Он просто мысленно соединил два отрывка, сохранившихся в бумагах поэта, а от себя добавил лишь два слова, чтобы заполнить пропуск в одном из стихов.

О нет, мне жизнь не надоела,
Я жизнь люблю, я жить хочу,
Душа не вовсе охладела,
Утратя молодость свою.
Еще хранятся наслажденья
Для любопытства моего,
Для милых снов воображенья,
Для чувств, [для естества] всего.
О сколько нам открытий чудных
Готовит просвещенья дух
И опыт, сын ошибок трудных,
И гений, парадоксов друг,
И случай, бог изобретатель…

<между 1829 и 1836 годом>

Самое ценное, что есть в стихах Пушкина, – это, наверное, их интонация. Ее-то и восстановил Берестов. И строки, которые от длительного телеупотребления стали почти никакими, вдруг обрели дыхание.

Были черновиком – стали шедевром.

* * *

В двухтомнике (Валентин Берестов. Избранные произведения. М., 1998), который он успел подержать в издательстве в виде сигнала (тираж привезли прямо к гробу в ЦДЛ), его лирика растворена в зарифмованных зарисовках и многочисленных стихотворных декларациях. Выковыривать оттуда истинно берестовские стихи – значит обладать правом на истину. Я этим правом не обладаю, потому эту подборку составил по своему вкусу и разумению. Критерием был тот же ахматовско-берестовский термин – «звук».

Берестов – не взрослый и не детский. Он поэт «общего рода», лирику которого (в обычном ее понимании) трудно отделить от мгновенных фотографий поэтической памяти, становящихся поэзией то ли благодаря доброте и юмору, то ли вопреки природному уму и профессиональной умелости автора. Свои стихи он предлагает читателю как дар своей дружбы.
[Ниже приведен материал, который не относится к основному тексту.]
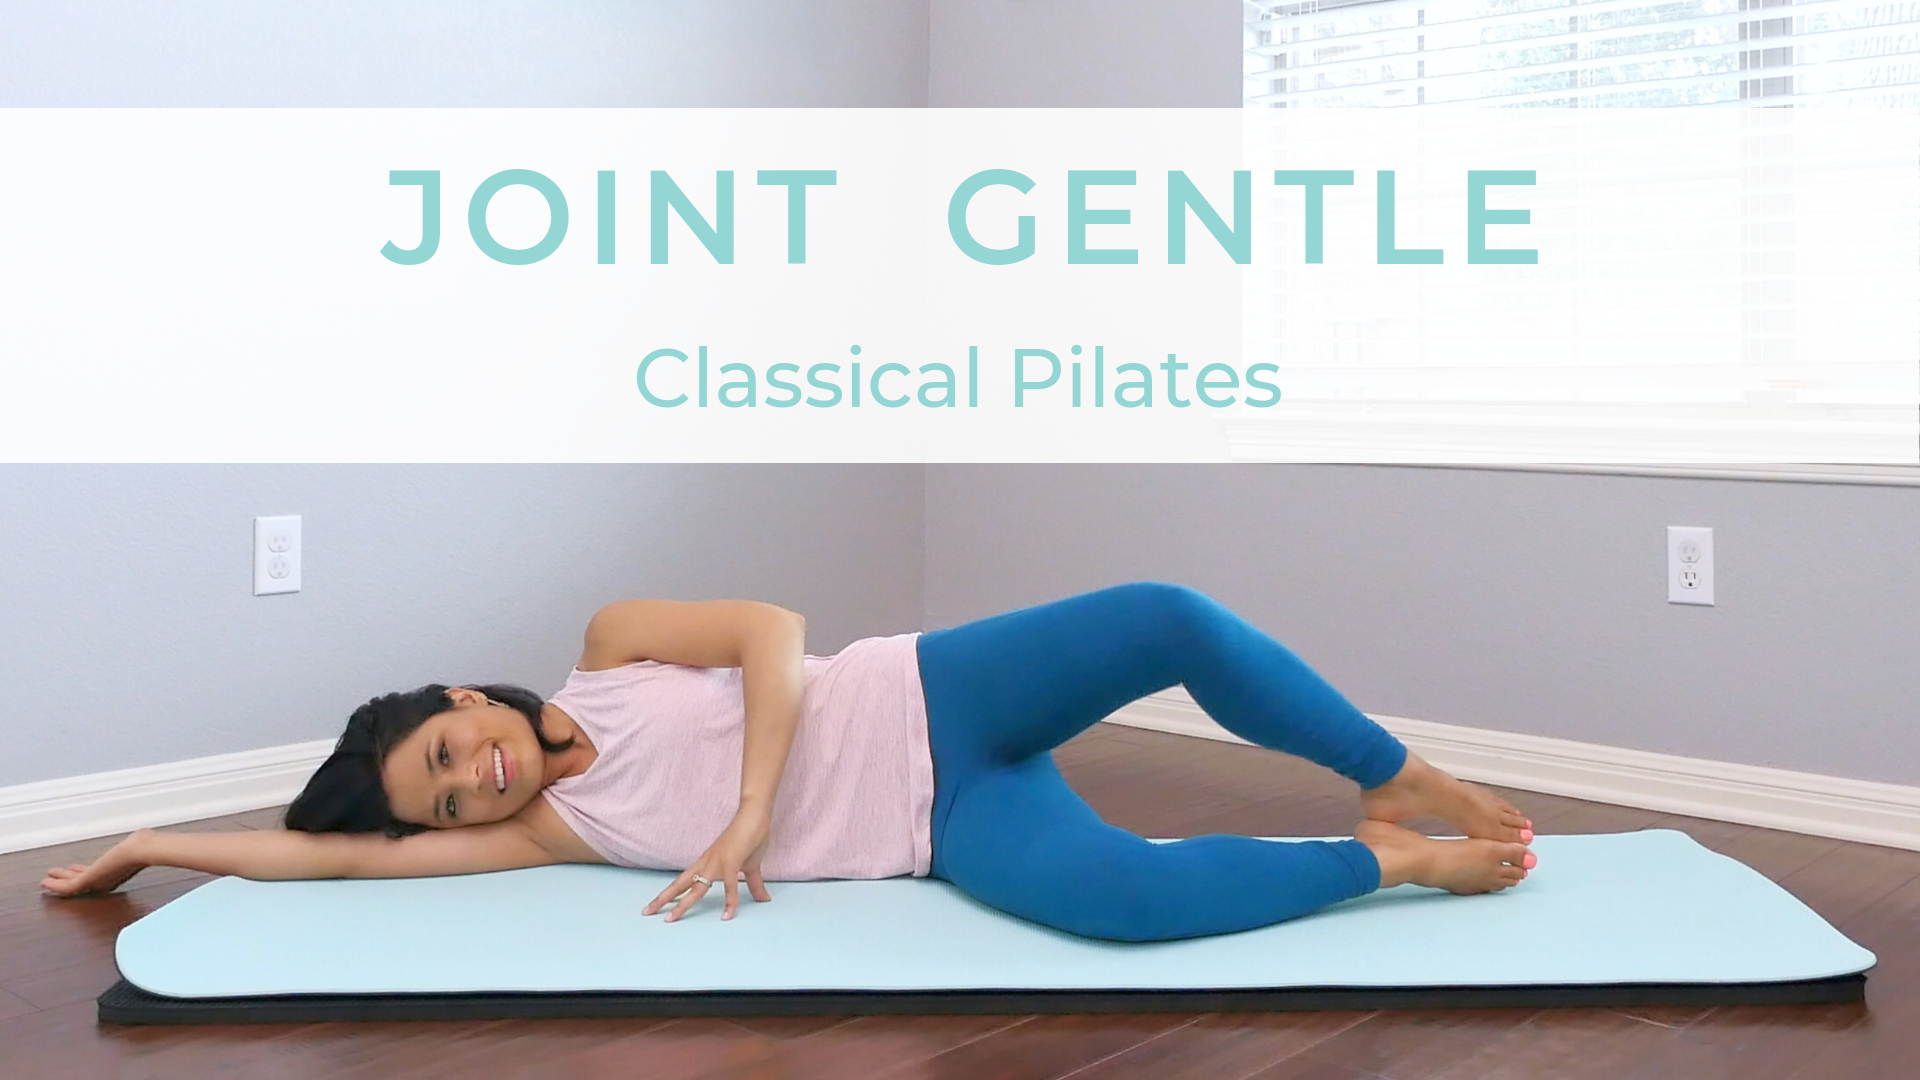 Joint+Gentle+Classical+Pilates  - Pilates Nest.png

Трудность отбора еще и в том, что Валентин Дмитриевич был сердечником (без нитроглицерина на улицу не выходил), а у поэтов-сердечников организм пытается перехитрить поэта. Сердце поэта знает, что именно через него проходит трещина мира, ну и сговаривается с мозгом и памятью, чтобы не разорваться прежде времени (так было и с поздним Окуджавой, говорившим мне перед своей последней поездкой в Германию и роковой Париж: «Строчки приходят, а что с ними делать – не знаю», и, как я полагаю, с поздним Бродским).

В последние годы лирика ему давалась трудно. Но это была не потеря дара, а болезнь тела. И он, кажется, сам это понимал. 15 марта 1998 года, подписывая мне новый сборник стихов, он вдруг рассмеялся. Стало понятно, что надпись будет в стихах. Так и оказалось:

А все же хорошо тому поэту,
Кого везут по детскому билету!

Впрочем, для Берестова это даже не стихи, а так, надпись на детской книжке, экспромт, сочиненный в одно мгновение в преддверии вечности.

2003


P.S.

Почему Берестов – великий поэт? (Я не оговорился, я уже лет двадцать так считаю.)

Взрослые не помнят детства – от него остаются разрозненные картинки, цветные стеклышки убитого калейдоскопа. Напрочь забывается детское мироощущение, рассыпается логика поступков, куда-то исчезает детский ценностный мир. Берестов открыл, подарил русскому читателю свое, а, значит, и его, читателя, детство.

А еще Новелла Матвеева сформулировала: «Если б меня спросили, кто человек столетия, я бы сказала: Валентин Берестов. Именно таких людей XX веку на хватало больше всего».